We see versions of this question all the time, with everyone staking out various positions (often supporting what they sell). Some of the discussions drill down into an issue, for example the endless battle of social and other selling (would one call this anti-social?). Others look at skills like questions, objection handling, and so forth.
Whatever the version of the question there is the continuous exploration of “What is most important?”
These questions always present us a false choice. The reality is we have to do it all, we have to do the whole job!
What these questions/discussions fail to recognize is that each part of the sales process requires expert/successful execution of all the other parts of the sales process.
If we focus on prospecting, but fail to convert the majority of those great prospects into wins, our prospecting prowess is wasted.
If we focus on closing, we empty our pipelines and have nothing left to close.
There’s a tremendous appeal to finding “the ONE THING,” hopefully, it’s the one thing we really like or excel at doing. Even if it isn’t the implication is that we don’t have to do the other things.

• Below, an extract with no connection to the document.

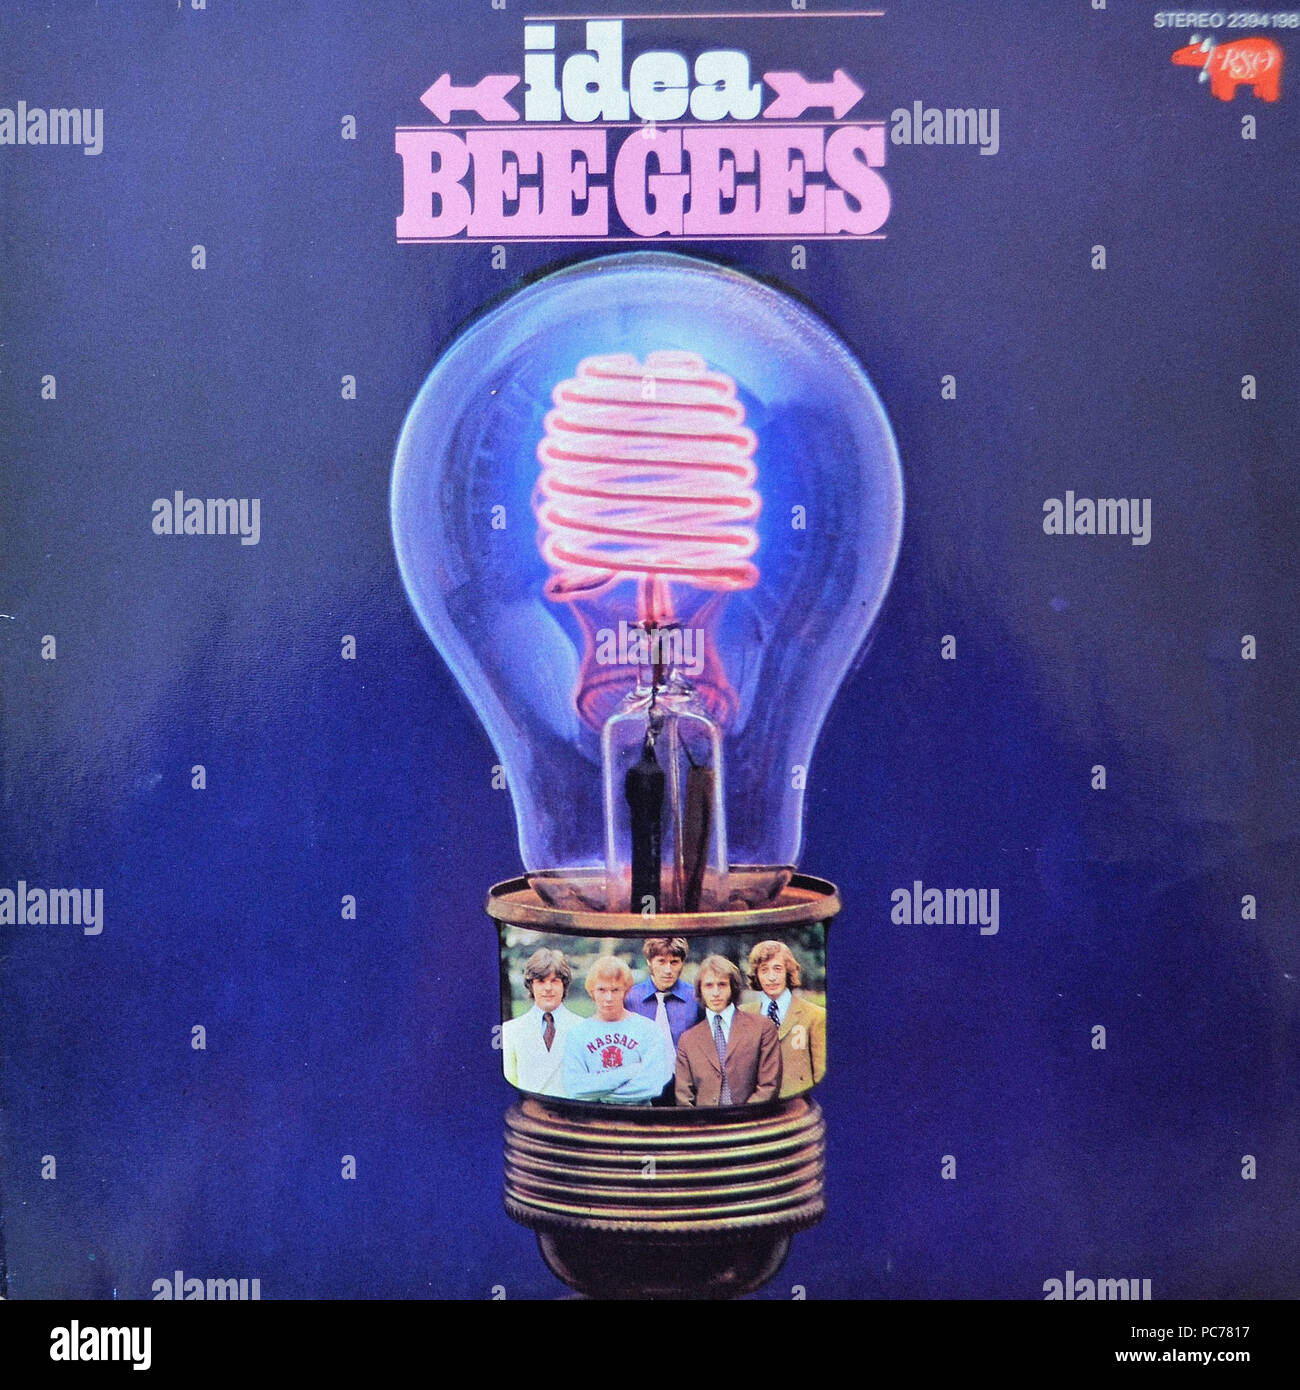 Bee Gees   -  Idea  -  Vintage vinyl album cover Stock Photo

The reality is we have to do all of it all the time. We have to do it in balance–continually finding new opportunities, continually moving them through the buying process, continually making sure we are pursuing enough quality deals to achieve our goals, continually engaging the right customers in impactful, value based conversations.
We don’t serve the sales profession or our customers in this continued quest to determine the One Thing.
Michael Webster says
This is part of larger conceptual confusion – about asking for “the best alternative” when selecting amongst relatively complicated outcomes.
Nobody would seriously ask: what is the best direction, north or east? It is not a question you sensibly answer.
Yet, when selecting on many more dimensions that 2, people routinely ask for the best alternative. It is mindless question.